“Noren,” she broke in, “no one’s found out. No one ever will. But the baby’s—dead.”
“What?” His legs buckled; he reached out for support, and Veldry clung to him, led him to the bunk where they sat side by side. “How—
how
?” Noren whispered.
“The nursery attendants don’t know. He was just—weak, as if he hadn’t had enough to eat, though he’d been nursing well. He… he was never strong after the first, Noren, only I didn’t want to see it, I kept thinking he’d gain weight soon… . I didn’t nurse my others personally, you know, I didn’t have anything to compare with. The women who took care of him between feedings didn’t tell me because there wasn’t anything to do except hope. But when I went in yesterday morning, I knew something was wrong. I held him all day, but finally in the night he stopped breathing.”
“Didn’t they call a doctor?”
“Yes, near the end, but he wasn’t sick in any of the ways doctors can help with.”
“The doctor must have said something,” Noren protested.
Veldry was silent. “You can’t hide it from me,” he urged. “He was my son; I have to know what the doctor thought he died from.”
“Well, at first she said malnutrition, but we knew he’d had plenty of milk.” She didn’t meet his eyes.
“Would you rather I talked to the doctor myself?” he asked gently.
“No! If you’re going to crack up, it had better be here instead of in front of people.” She turned to him fearfully; he wondered if she thought that like a traditional village father, he might blame her for failure to produce a perfect infant. “She said,” Veldry continued, “that apparently this baby’s body couldn’t get the right nourishment from milk, couldn’t—metabolize it properly.”
“That’s crazy! All babies live on milk.”
“Of course, but she said there could be something wrong, some congenital problem—”
Congenital. The room spun around Noren. “A genetic defect, you mean.”
“The doctor didn’t know if there could be a defect just like this, she said she’d have to ask the computers.”
“It doesn’t matter what the computers say.” Noren’s voice was cold, remote; in his own ears it didn’t sound like his own. “Don’t you see, Veldry, whether such a disease has occurred before or not—and the blood test I did shows it hasn’t—in this case I
created
it. I altered the genetic pattern of metabolism. I brought a baby to life who was foredoomed to starve.”
“You couldn’t have known ahead of time,” she said in a carefully rehearsed tone, “and you tried the metabolic change on yourself, you told me—the baby’s metabolism was like yours.”
“Yes, I tested it on myself first. But I don’t drink milk, after all; there isn’t any milk on this planet except human milk. Probably I can’t metabolize it any more, either.” He wondered how he could have been so stupidly, tragically blind as to believe he’d checked everything.

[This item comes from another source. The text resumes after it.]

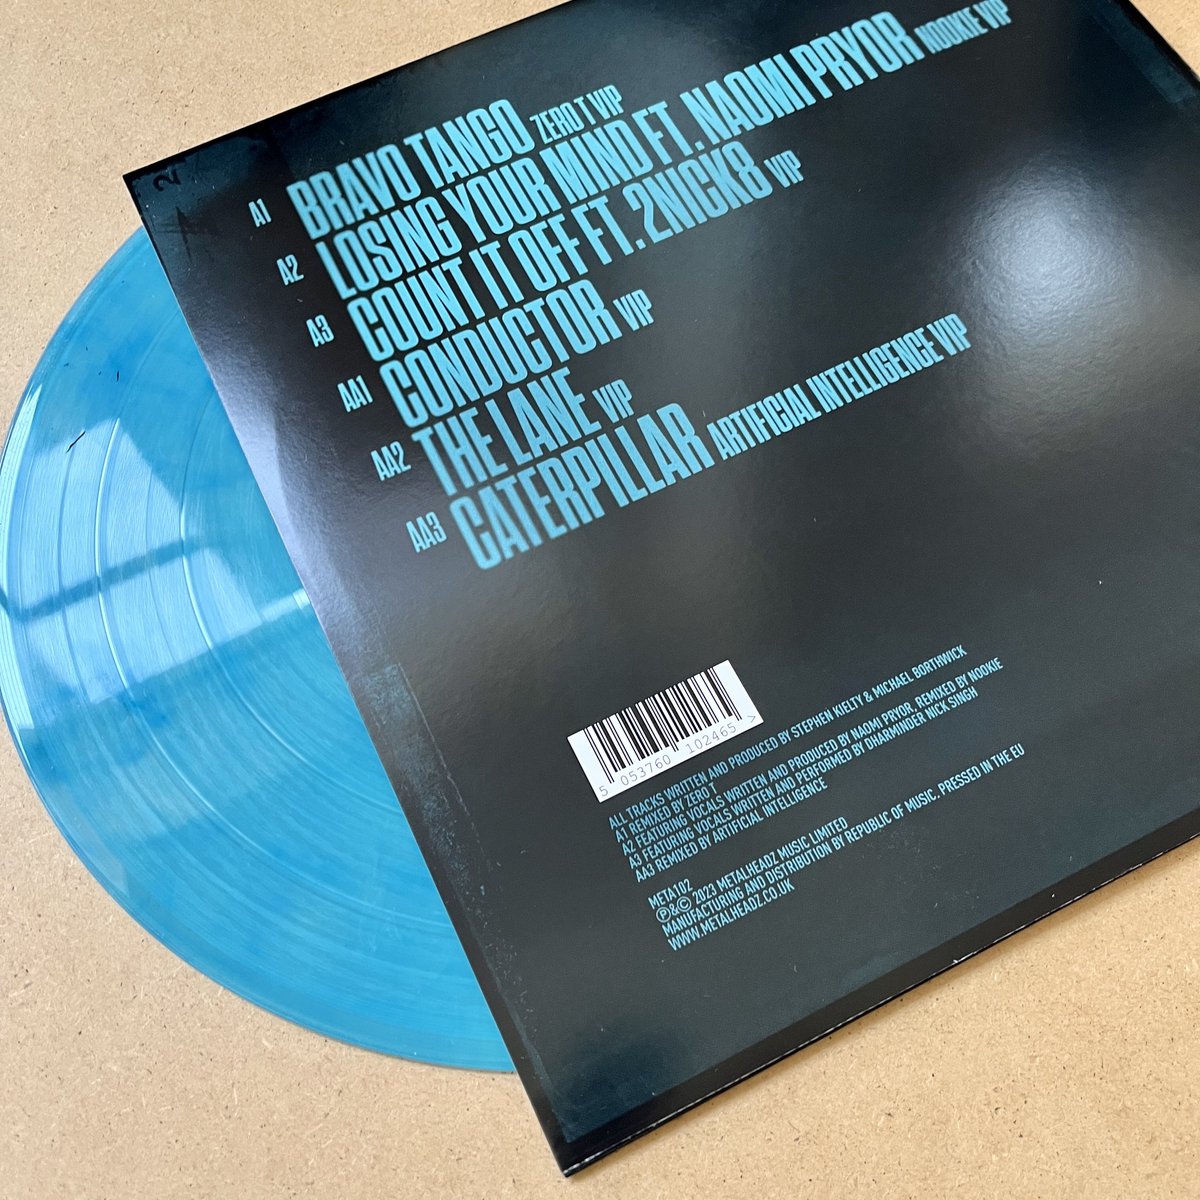 It's full release day for @scardnb's 'The Road Less Travelled VIP' 📢 Featuring VIPs from @zerotdnb, @djnookie and @glennAI as well as 3 VIPs from @scardnb themselves, this is a bumper release full to the brim 🥁 Also available on blue vinyl - bfan.link/trltvip

After a long pause Veldry said steadily, “We knew there was risk. We wouldn’t have done what we did if it hadn’t been a choice between that and letting all our descendants die. We’ll grieve, we can’t ask not to suffer—but you mustn’t blame yourself.”
“I can’t not blame myself,” Noren declared.

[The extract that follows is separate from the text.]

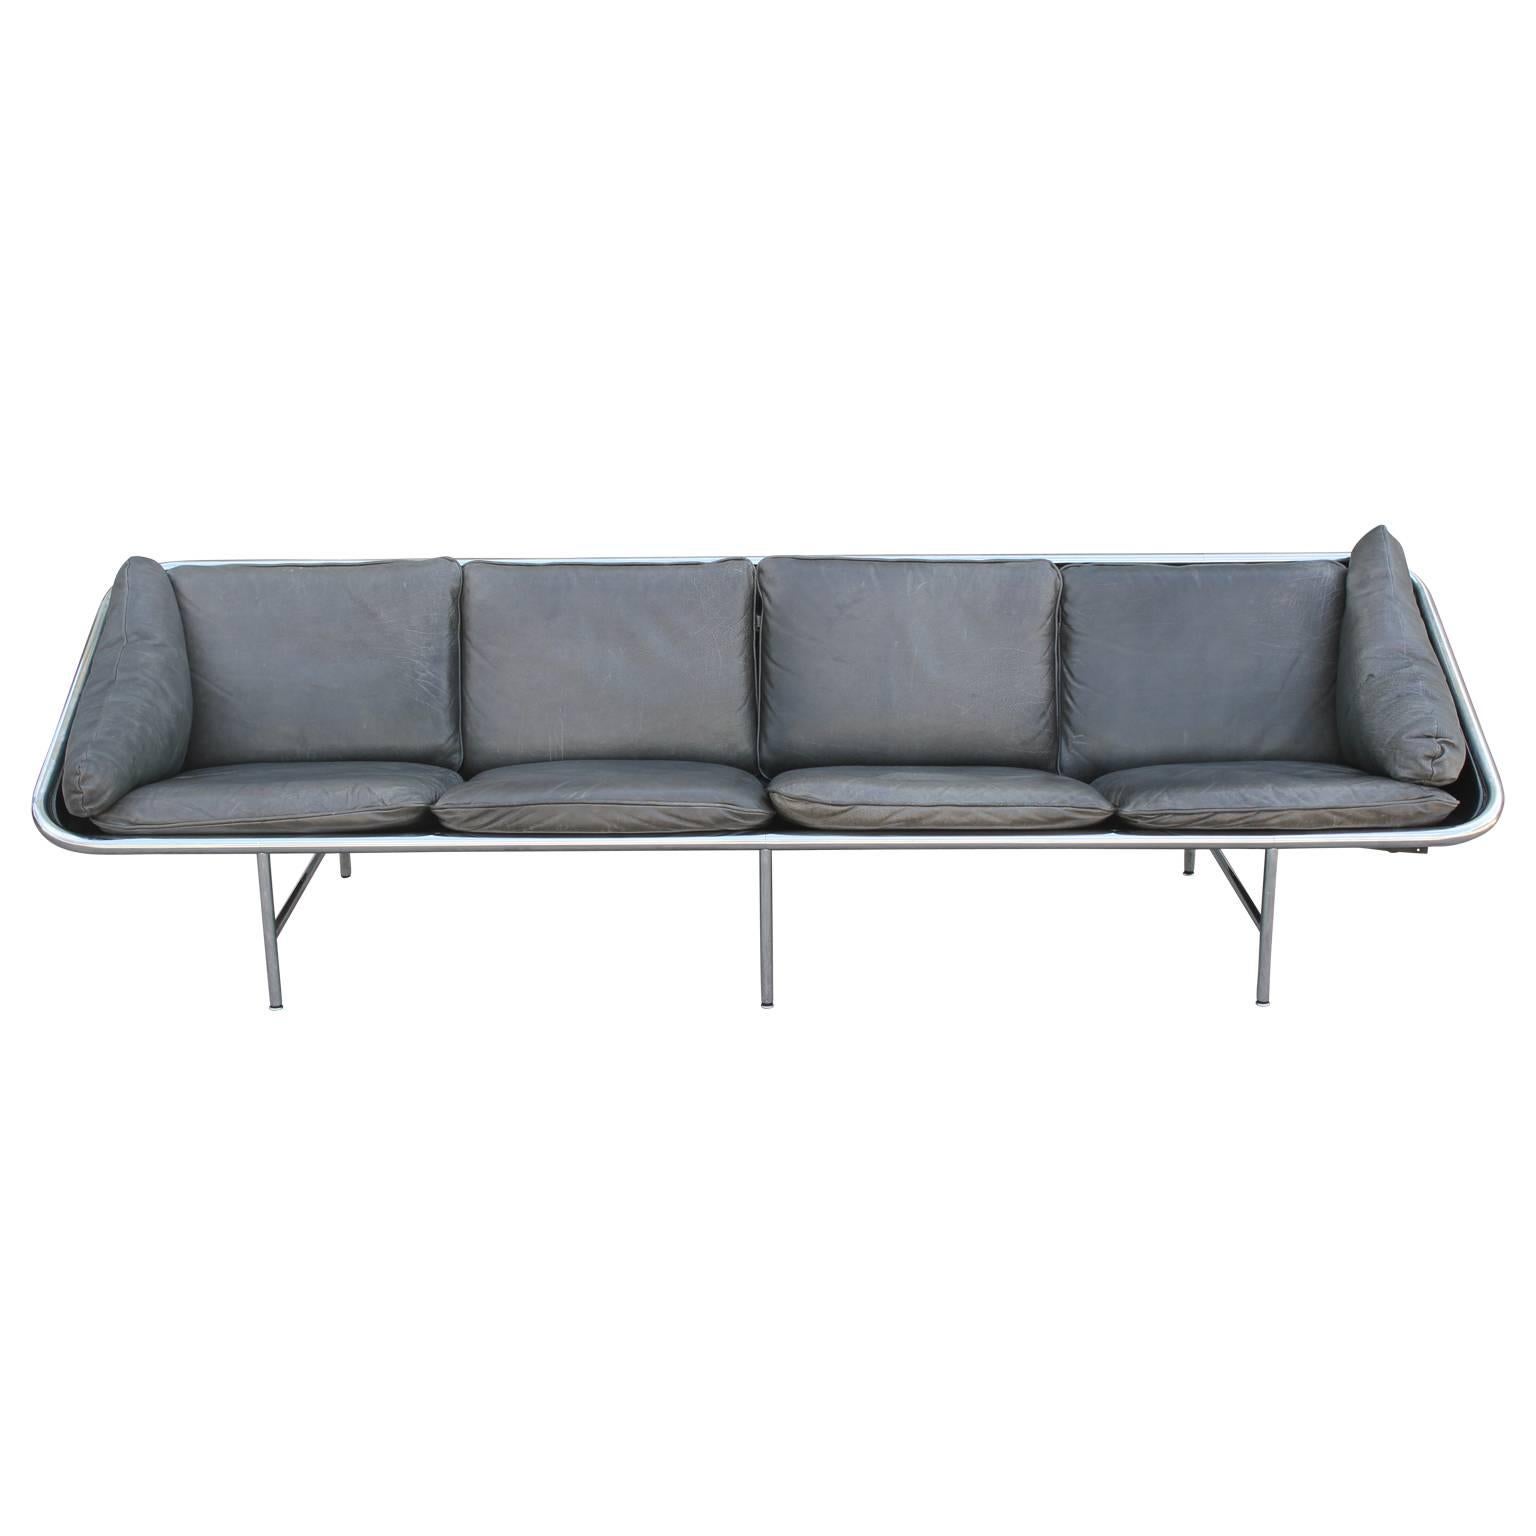 Mid-20th Century Modern George Nelson for Herman Miller IBM Chrome and Leather Sling Sofa

“I—I suppose that’s true. I guess that’s part of the burden you’ve taken on. And I still admire you for taking it, Noren.”
Hazily, he was aware that he should comfort her, should turn from his own guilt and despair long enough to give her the support that was her due. He did not know how. He couldn’t marry her, of course; he would never be able to remarry, since to attempt a second alteration of his genes would not test the change to be used on other people. To father a child for his own sole benefit would not be a justifiable form of human experimentation. So there was nothing he could offer Veldry.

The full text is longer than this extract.